● ASSIGNMENT
Exact reproduction of the data is required, with images excluded.

:: DATA BELOW ::

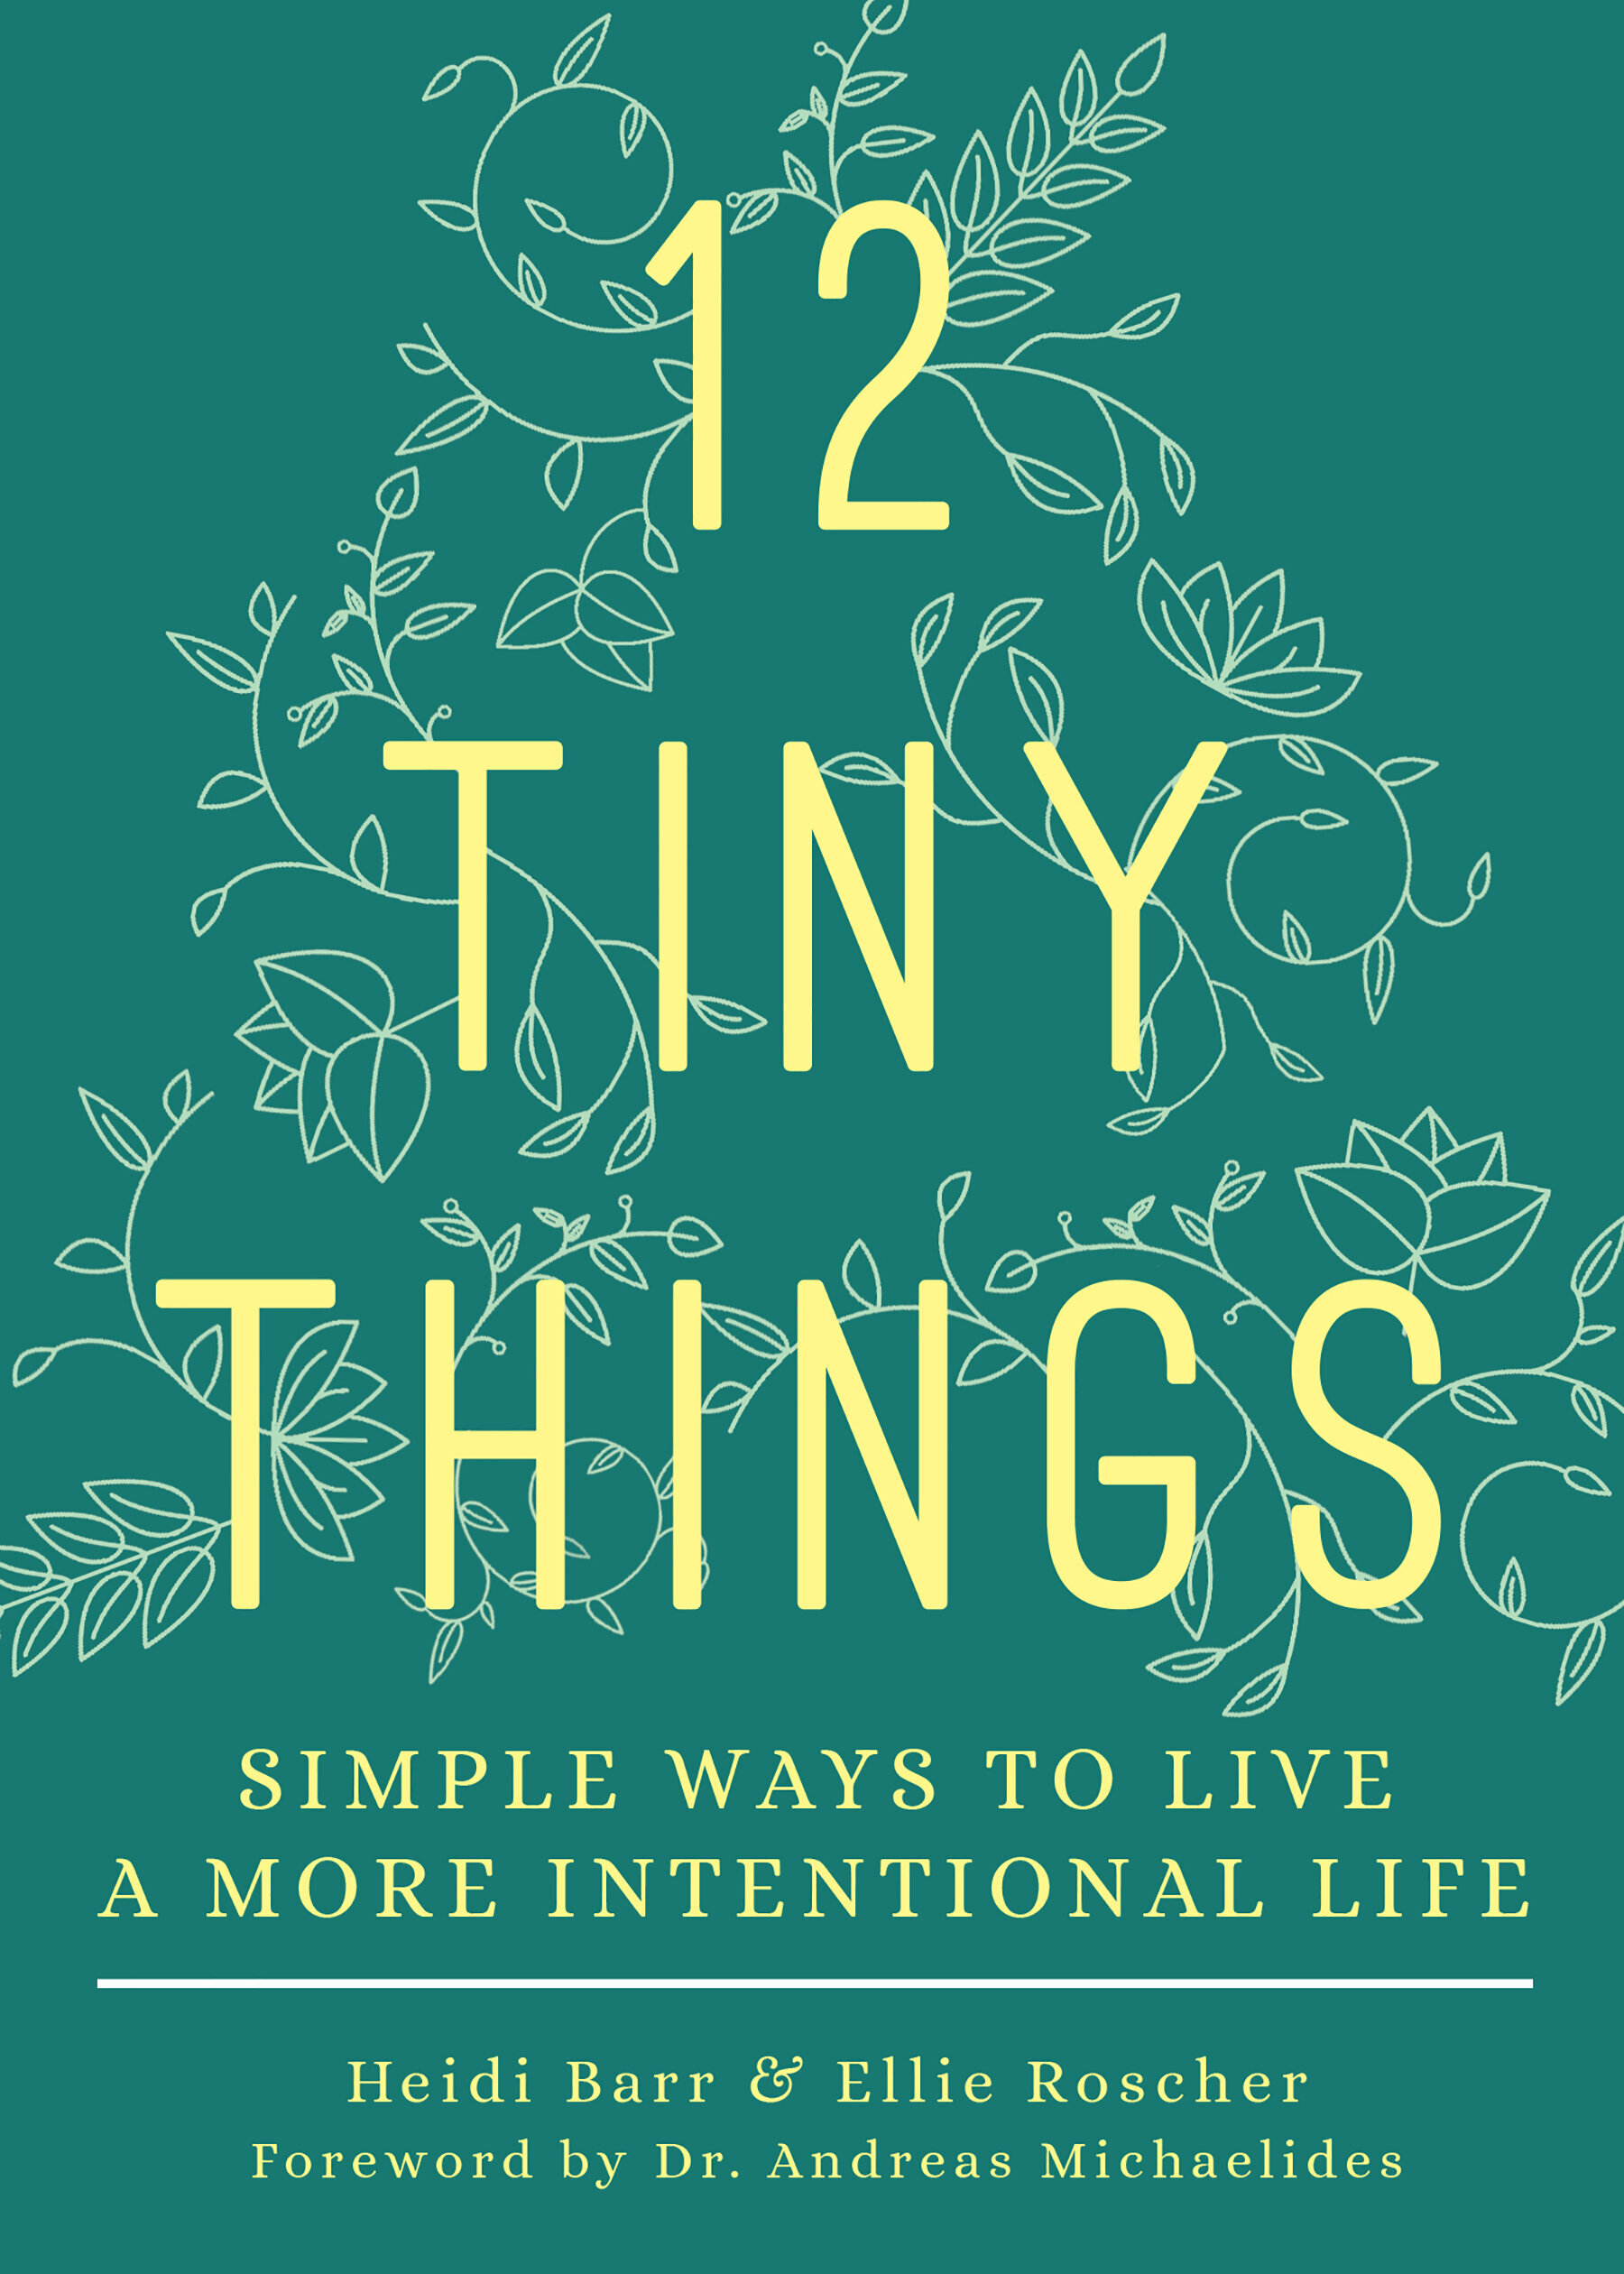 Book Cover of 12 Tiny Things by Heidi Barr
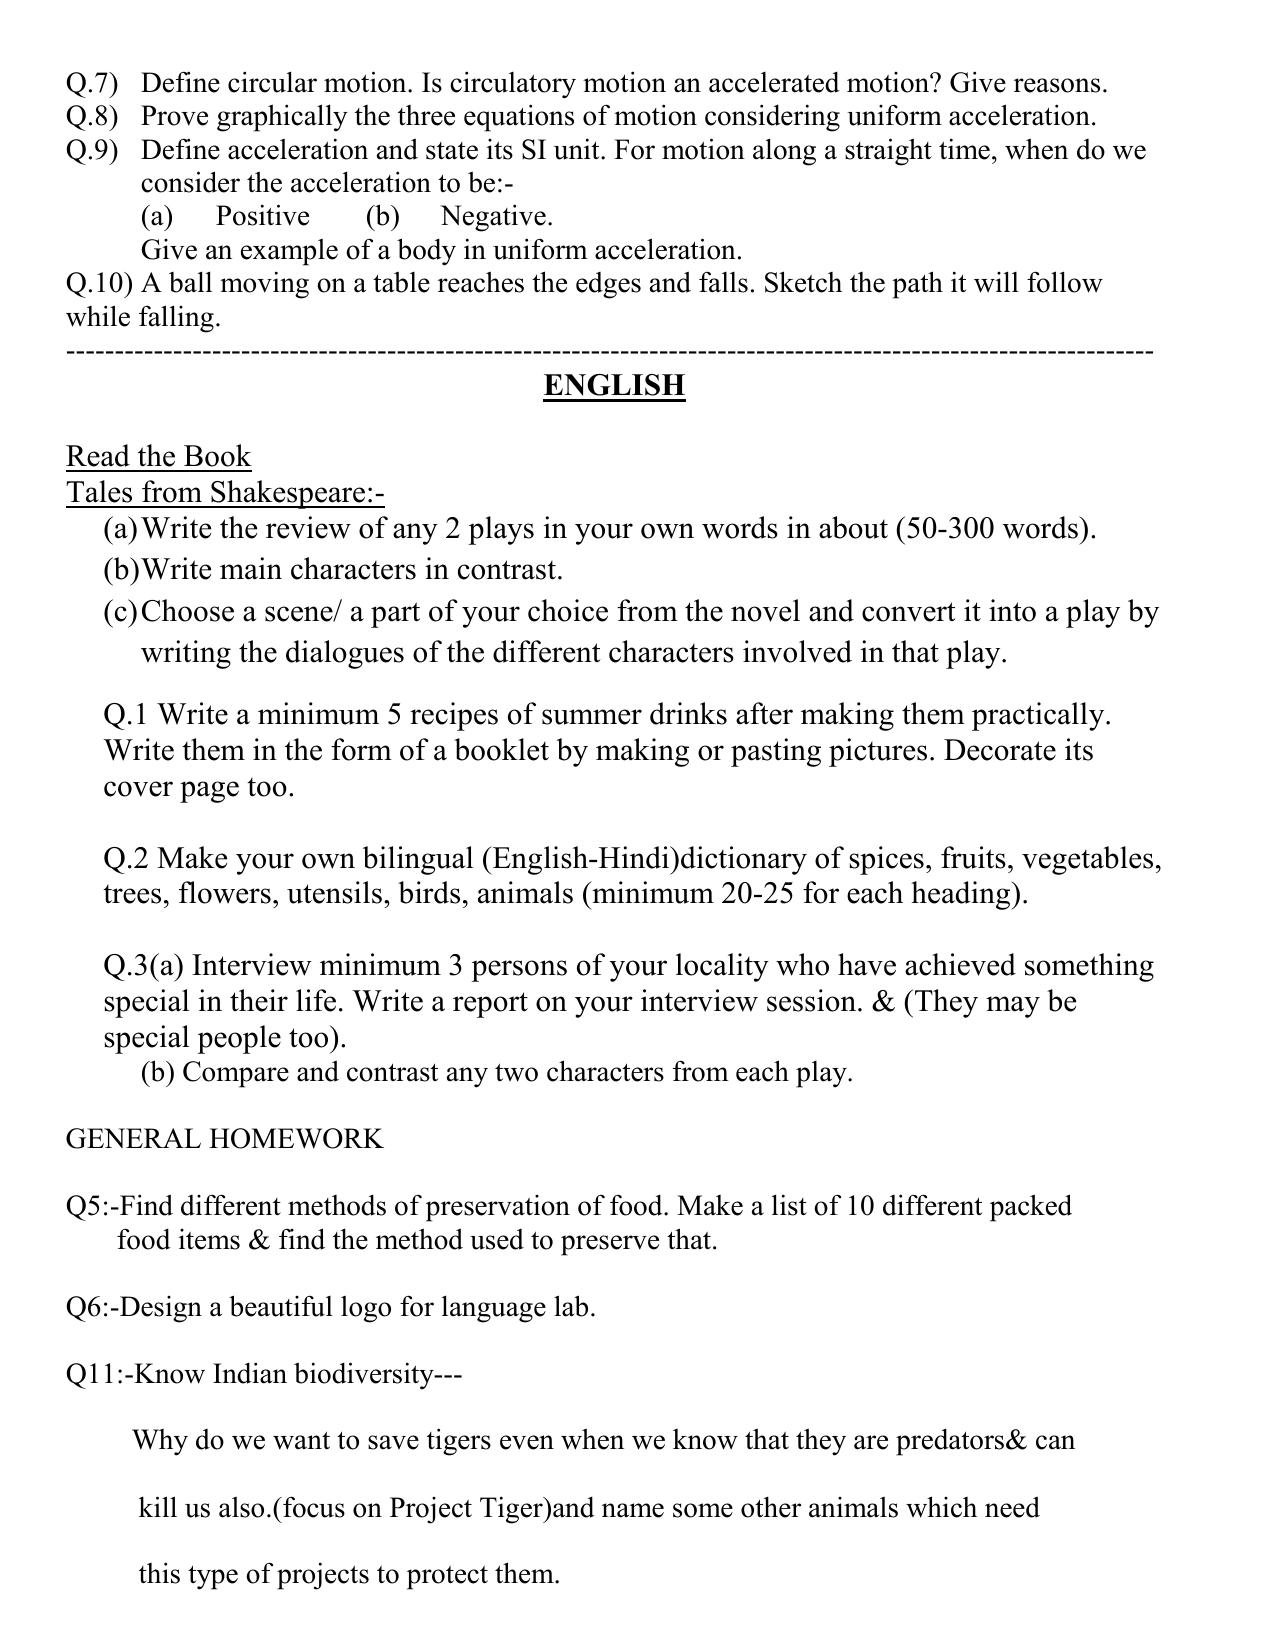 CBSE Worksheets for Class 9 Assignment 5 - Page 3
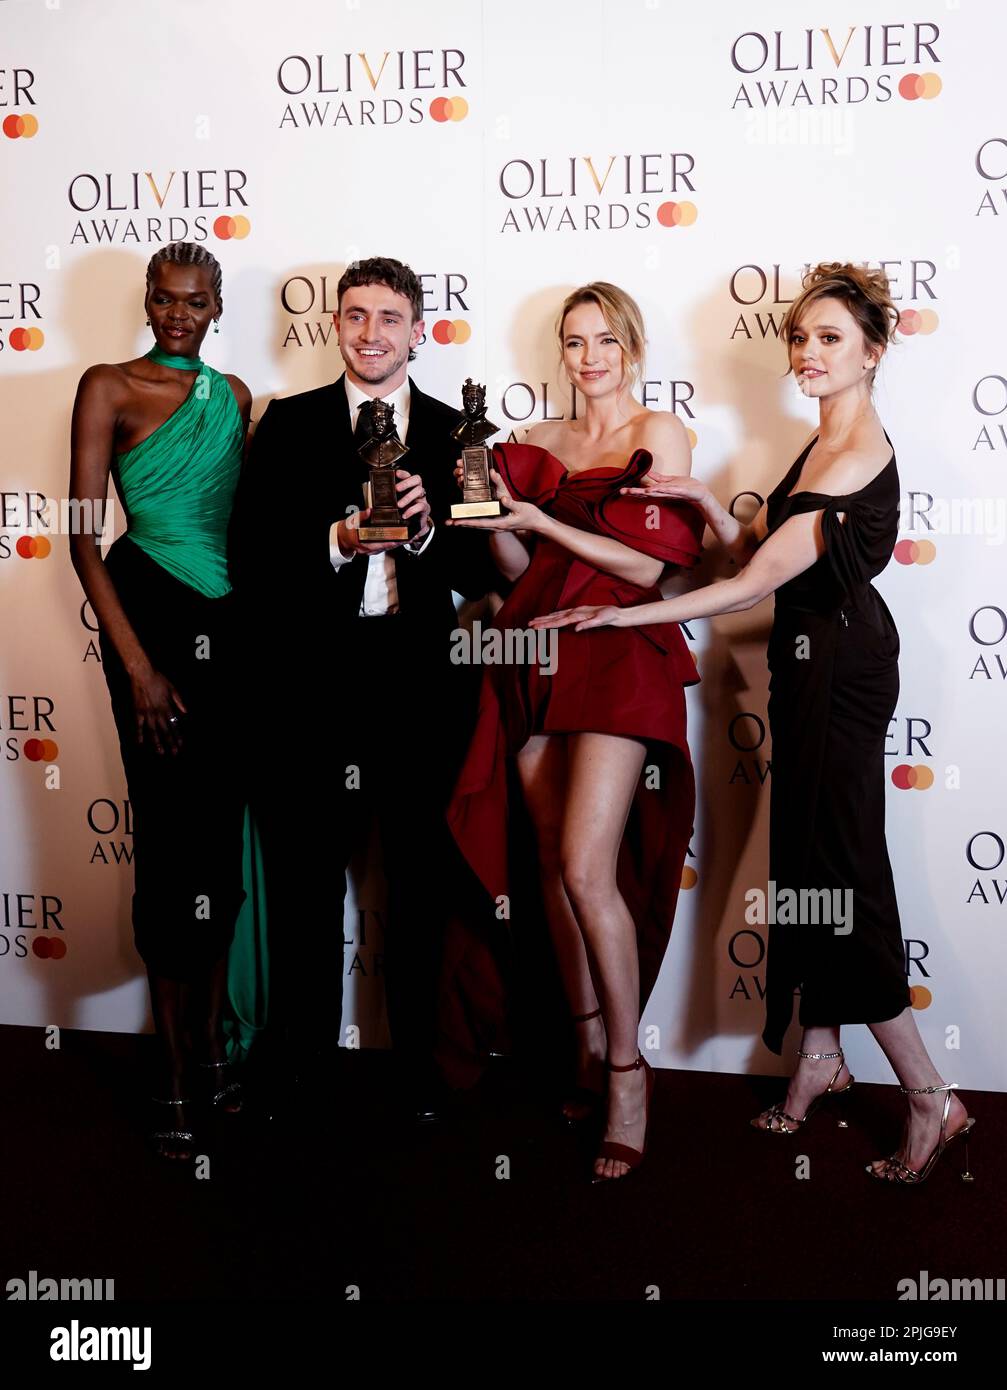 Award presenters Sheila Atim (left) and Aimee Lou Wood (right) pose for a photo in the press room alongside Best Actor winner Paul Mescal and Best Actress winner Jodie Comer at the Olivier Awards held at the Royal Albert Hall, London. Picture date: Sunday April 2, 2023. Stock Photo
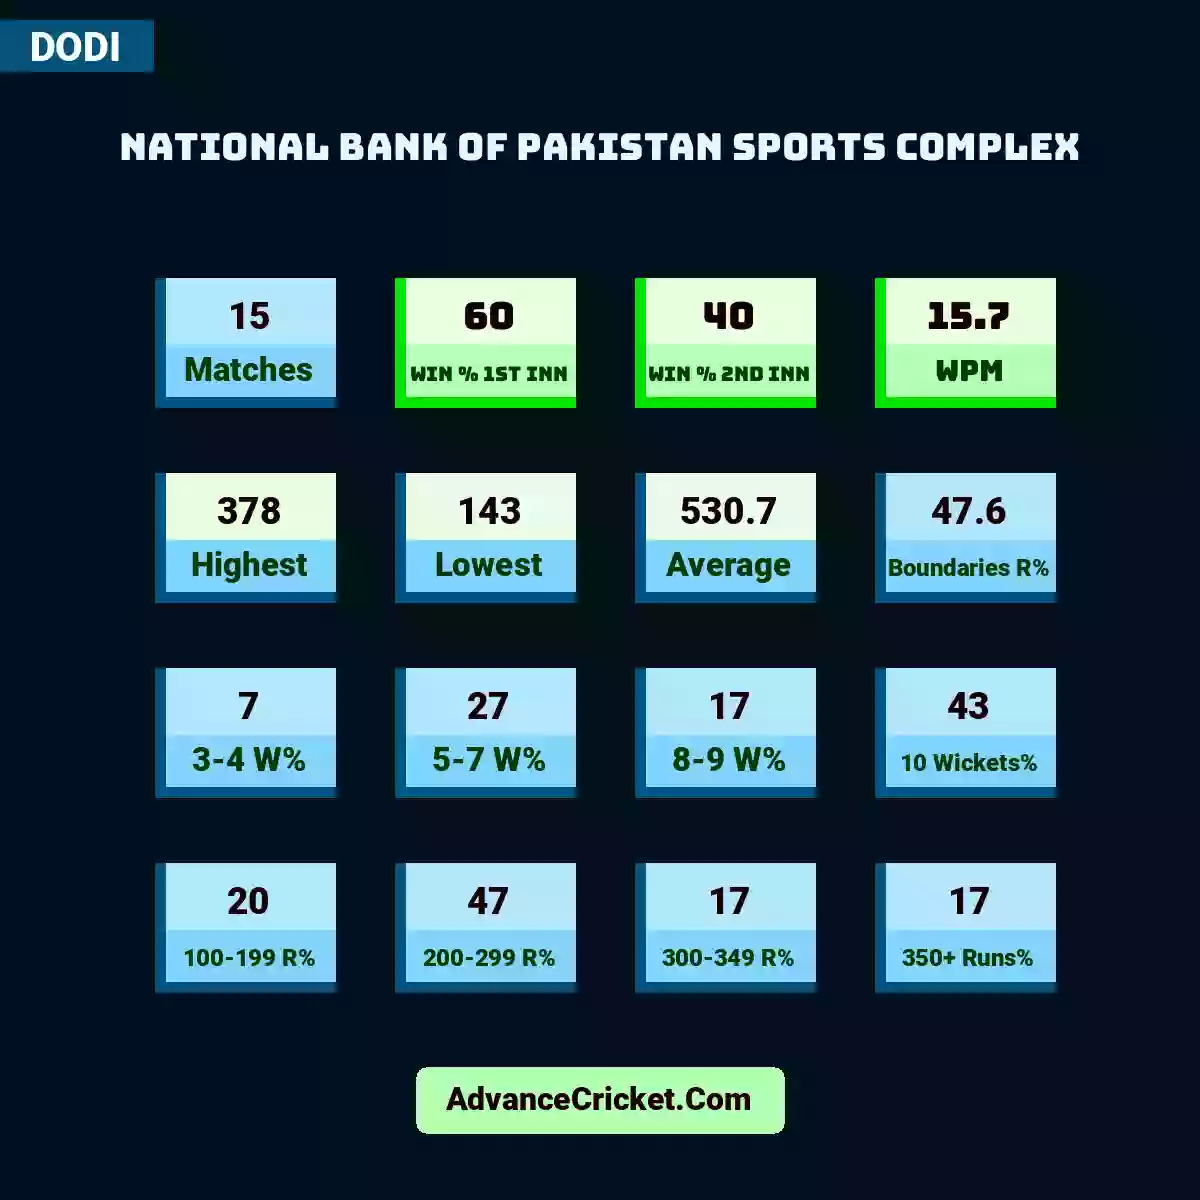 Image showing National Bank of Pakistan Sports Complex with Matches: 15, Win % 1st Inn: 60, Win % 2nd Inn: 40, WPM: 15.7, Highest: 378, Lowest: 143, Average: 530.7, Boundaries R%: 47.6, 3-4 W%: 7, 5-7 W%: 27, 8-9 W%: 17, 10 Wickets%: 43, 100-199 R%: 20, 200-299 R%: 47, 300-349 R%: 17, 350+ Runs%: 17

:::

● ANSWER
 Book Cover of 12 Tiny Things by Heidi Barr
 CBSE Worksheets for Class 9 Assignment 5 - Page 3
 Award presenters Sheila Atim (left) and Aimee Lou Wood (right) pose for a photo in the press room alongside Best Actor winner Paul Mescal and Best Actress winner Jodie Comer at the Olivier Awards held at the Royal Albert Hall, London. Picture date: Sunday April 2, 2023. Stock Photo
 Image showing National Bank of Pakistan Sports Complex with Matches: 15, Win % 1st Inn: 60, Win % 2nd Inn: 40, WPM: 15.7, Highest: 378, Lowest: 143, Average: 530.7, Boundaries R%: 47.6, 3-4 W%: 7, 5-7 W%: 27, 8-9 W%: 17, 10 Wickets%: 43, 100-199 R%: 20, 200-299 R%: 47, 300-349 R%: 17, 350+ Runs%: 17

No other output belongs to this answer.